Je länger die Haftstrafe, also je größer die Zahl der israelischen Opfer ist, kann ein Häftling bis zu 3.000 Euro monatlich beziehen, was einem palästinensischen Ministergehalt entspricht. Während der Haftzeit finanziert die Behörde auch den Lebensunterhalt der Angehörigen des Gefangenen. Sowie der Häftling freikommt, kann er mit großzügigen Abfindungen und weiteren Monatsgehältern rechnen. So erhalten verurteilte Massenmörder in israelischen Gefängnissen ein Vielfaches des Gehalts eines Beamten oder Polizisten in Diensten der palästinensischen Regierung. Das Durchschnittseinkommen eines Palästinensers liegt laut Angaben des palästinensischen Statistikbüros bei 470 Euro.
Zu den finanziell entschädigten Terroristen zählt gemäß einer israelischen Aufstellung auch Abu Musa Atia, der mit einer Axt Isaak Rotenberg ermordet hat – einen Holocaust-Überlebenden, der aus Sobibor entkommen war. Die höchstmögliche Kompensation erhielt Issa Abed Rabbo, der 1984 zwei Studenten der Hebräischen Universität nahe Bethlehem ermordet hat. Neben einem Bonus in Höhe von 45.000 Euro bot ihm die Autonomiebehörde an, für die Kosten seiner Hochzeit aufzukommen.

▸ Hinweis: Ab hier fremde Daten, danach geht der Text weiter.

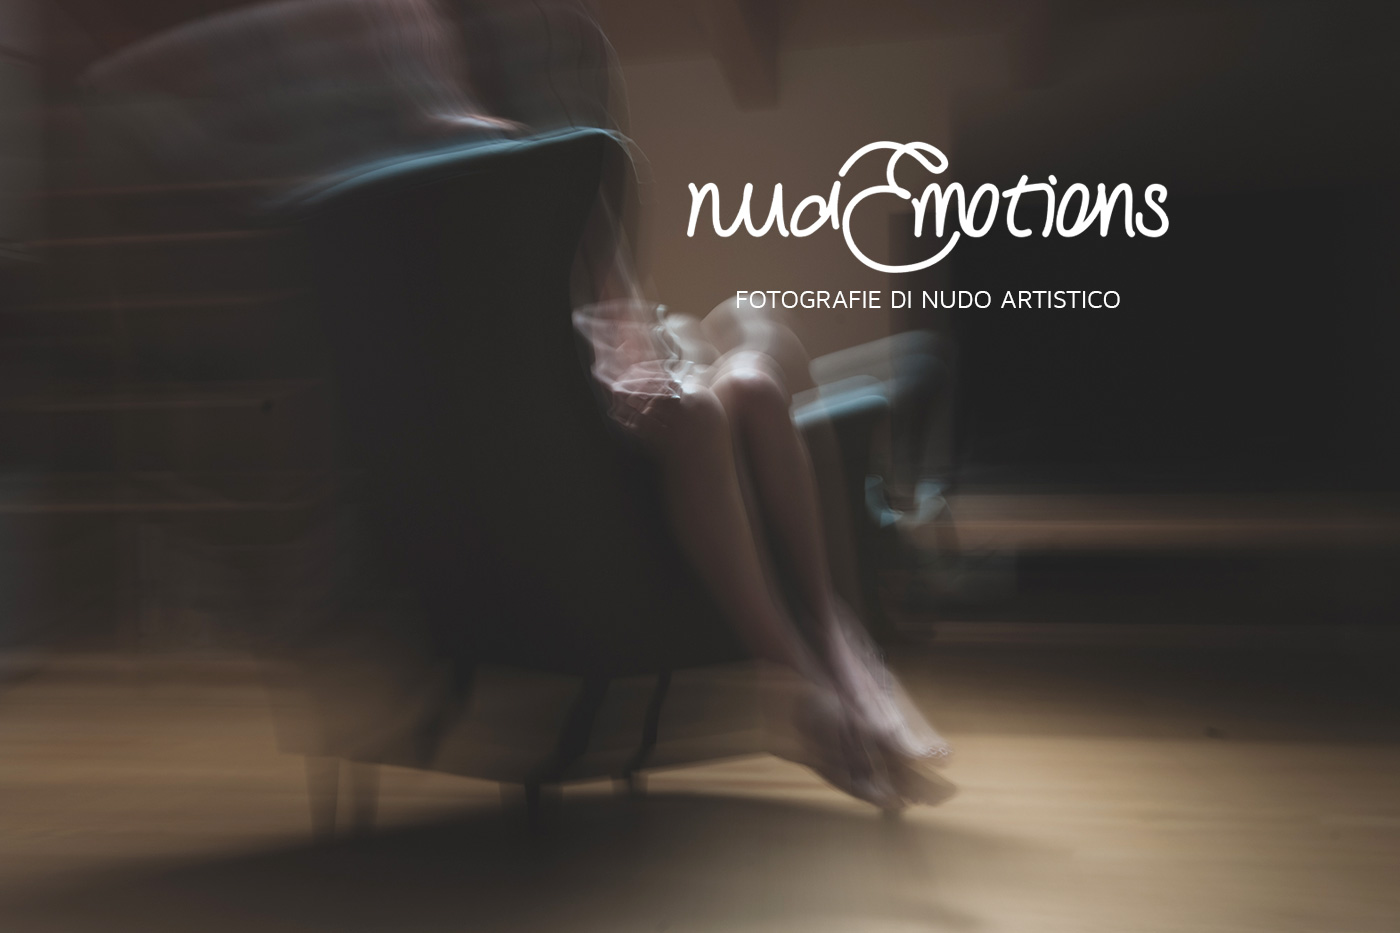 Nudemotions - Fotografie di nudo artistico
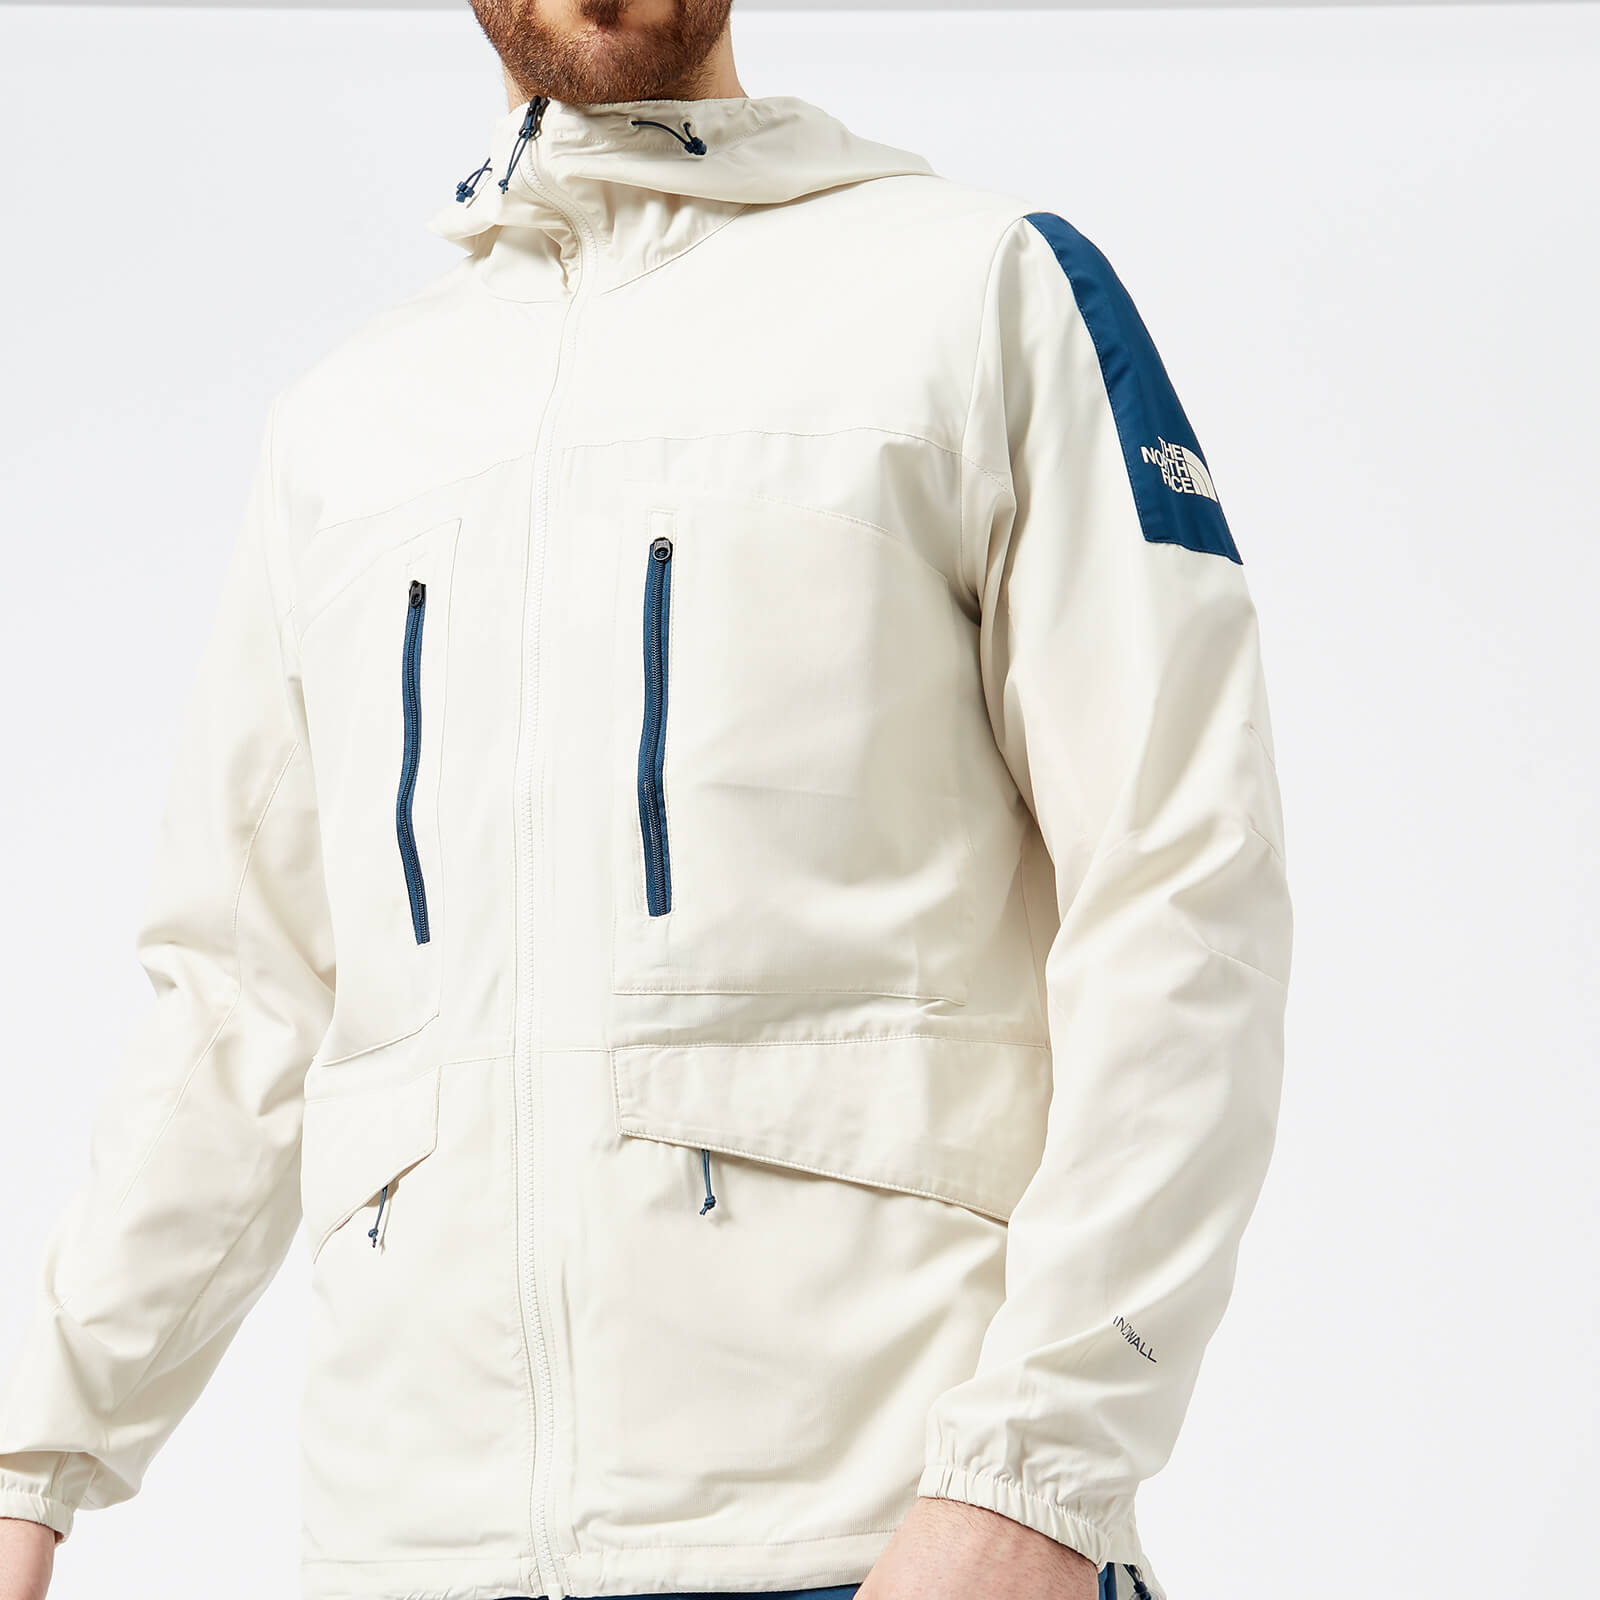 3c81e7359 The North Face Men's Fantasy Ridge Light Jacket - Vintage White ...

Das sei eine „humanitäre Hilfe“, um den Häftlingen einen Neustart zu ermöglichen, erklärte der Minister für die Angelegenheiten von Gefangenen, Issa Karake.
Deckmantel: Gefangenen-Ministerium wird zur Behörde
Laut offiziellen Angaben der Autonomiebehörde wurden allein im Jahr 2012 umgerechnet etwa 55 Millionen Euro an die Häftlinge und etwa die gleiche Summe an deren Angehörige überwiesen. Das entspricht etwa 16 Prozent der ausländischen Zuwendungen an die Palästinenser für den Aufbau ihres künftigen Staates. Weitere Summen werden vom Wohlfahrtsministerium und aus anderen Quellen an die Angehörigen von „Märtyrern“ (Selbstmordattentätern) gezahlt.
Wegen Kritik an westlichen Staaten wie den USA und EU-Ländern, mit ihren Hilfsgeldern an die Autonomiebehörde Terror gegen Israel zu finanzieren, hat der palästinensische Regierungssprecher Ehab Bessaiso eine geplante Umbenennung des „Gefangenen-Ministeriums“ in „Behörde für Gefangenen-Angelegenheiten“ bestätigt. Die Namensänderung diene als politischer wie juristischer Deckmantel, damit den Geberländern nicht mehr vorgeworfen werden könne, Terroranschläge gegen Israel zu finanzieren. Assam al-Ahmad, ein Mitglied des Zentralkomitees der Fatah-Bewegung, bestätigte auf einer Pressekonferenz, dem Druck der Geberländer nachgegeben zu haben, Gefangene und Angehörige von Märtyrern nicht mit Regierungsgeldern zu belohnen. Die Gelder würden weiter fließen, aber aus einem anderen Topf unter anderem Namen.
Mit 12 Millionen US-Dollar monatlich verfügte das Gefangenen-Ministerium bisher über das drittgrößte Budget aller Regierungsämter in Ramallah.
Noch ist unklar, wie die Israelis den Geldfluss an die Gefangenen unterbinden wollen.